Questions for Sensory Systems: General, Vision, Hearing


    1. What are the basic properties of sensory receptors? Give an example of each.

2. What specifically is sensory transduction? Think about this on the level of individual sensory cells from the general senses, vision, and hearing and the mechanics in each case. What is the actual site of sensory transduction in each?
 
3. How is information about stimulus intensity conveyed to the CNS?

4. Why is it that the visual system of an insect generates an image much like a computer monitor and that of a vertebrate or cephalopod is more like a camera? What are the terms for these two types of eyes and what is the relevant anatomy for image formation in each case?

5. Where is light bent the most in a terrestrial vertebrate’s eye? Would you expect the same thing for the eye of a fish? Why or why not? What needs to happen for an image to be formed in a vertebrate’s eye? How is this accomplished?

6. Why is it not surprising that our eye (and that of other vertebrates) has integrative capabilities?

7. What is sensory adaptation? Give an example of this.


8. What is two-point discrimination? Could you get clues to what the two-point discrimination was for a given part of the body by studying the brain itself? Where would you look and what would you see?


9. What is weird about the way the vertebrate eye is structured? What are two consequences of this odd structure?


10. What two types of information are present in a sound? How are these two types of information encoded (i.e., transduced) into neural signals and where does this encoding take place?

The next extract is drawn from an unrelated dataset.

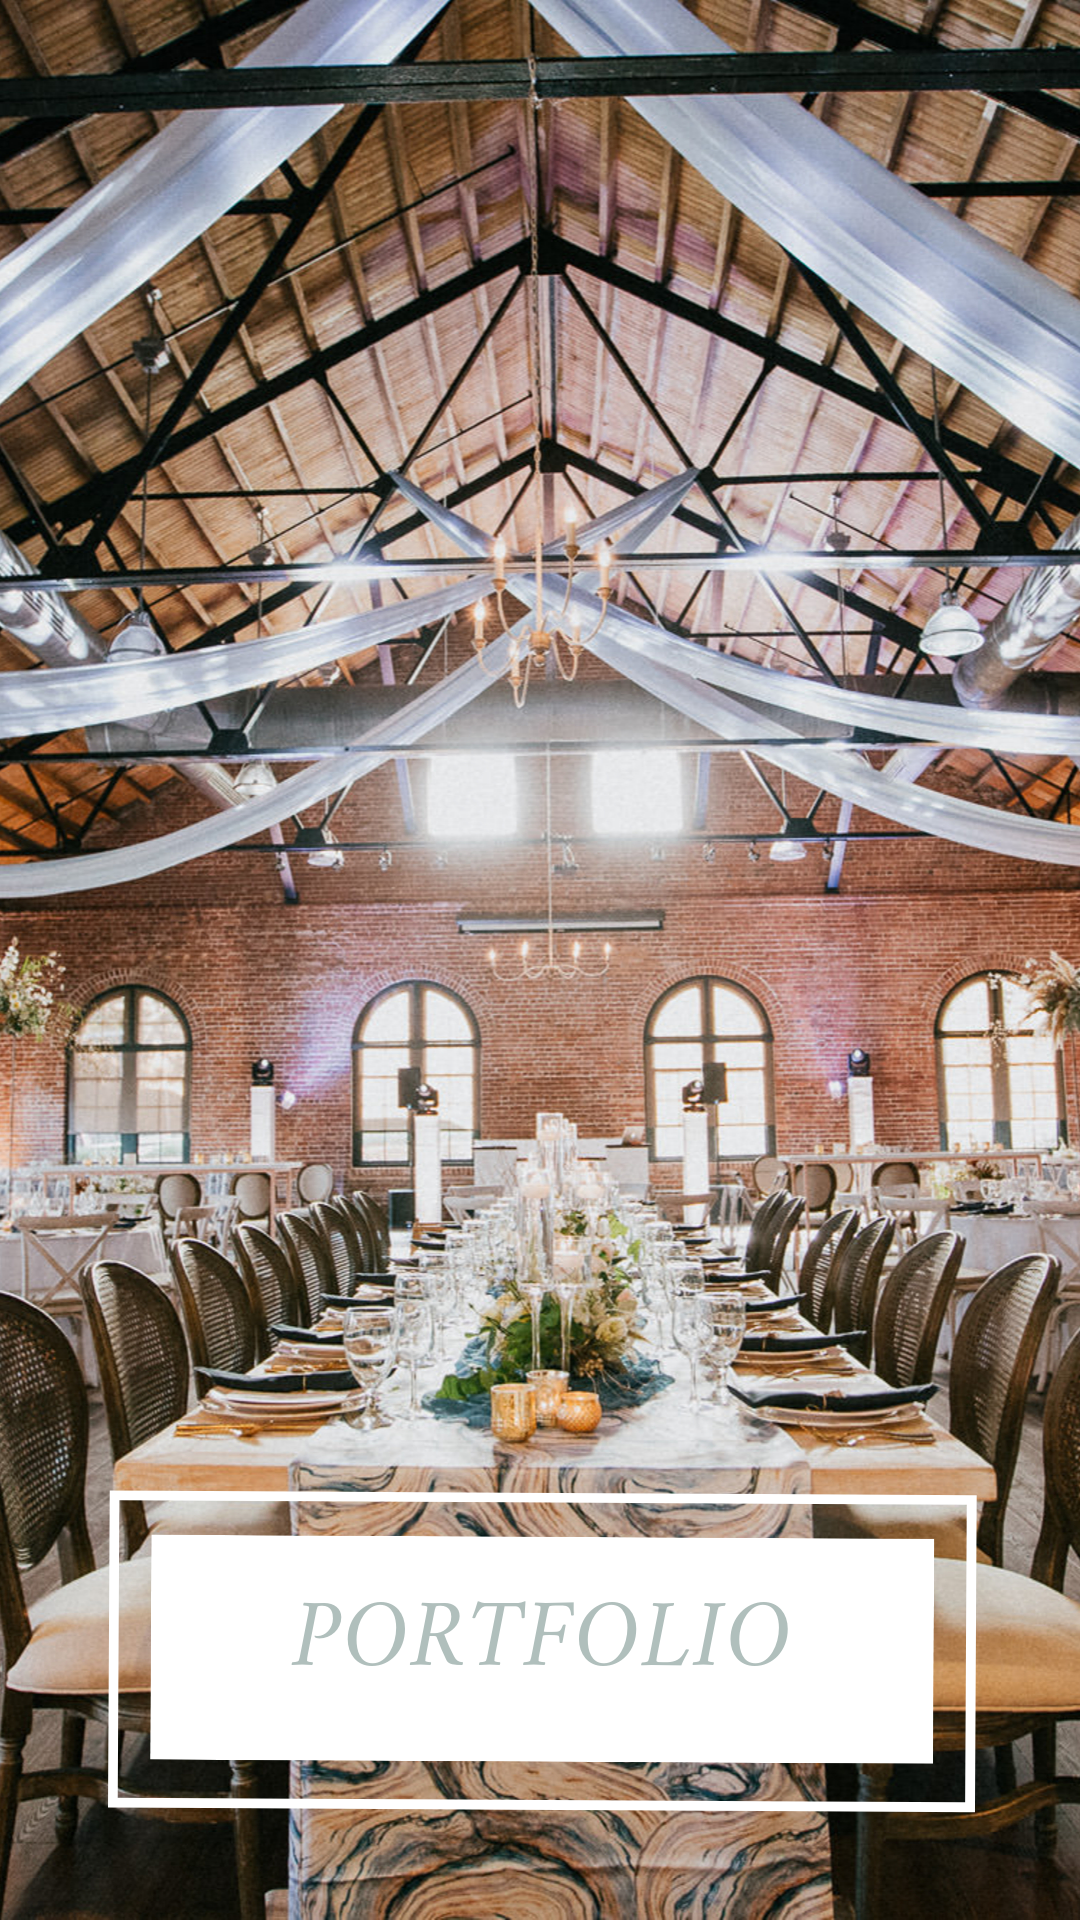 Bespoken Events | Portfolio | Wedding Planning

11.  Sensory receptor neurons expressing the same odorant receptor type converge where?  Where on the sensory receptor cell itself does binding of odorant molecules take place?


12.  The reception of smells like those of cheese and of pheromones is different for a mouse.  What do I mean by this?  Think in terms of the receptors the compounds bind, the specific structures this binding takes place in/on, what the first part of the nervous system to receive the information is, and where the information goes from that point in a general sense (what major brain areas).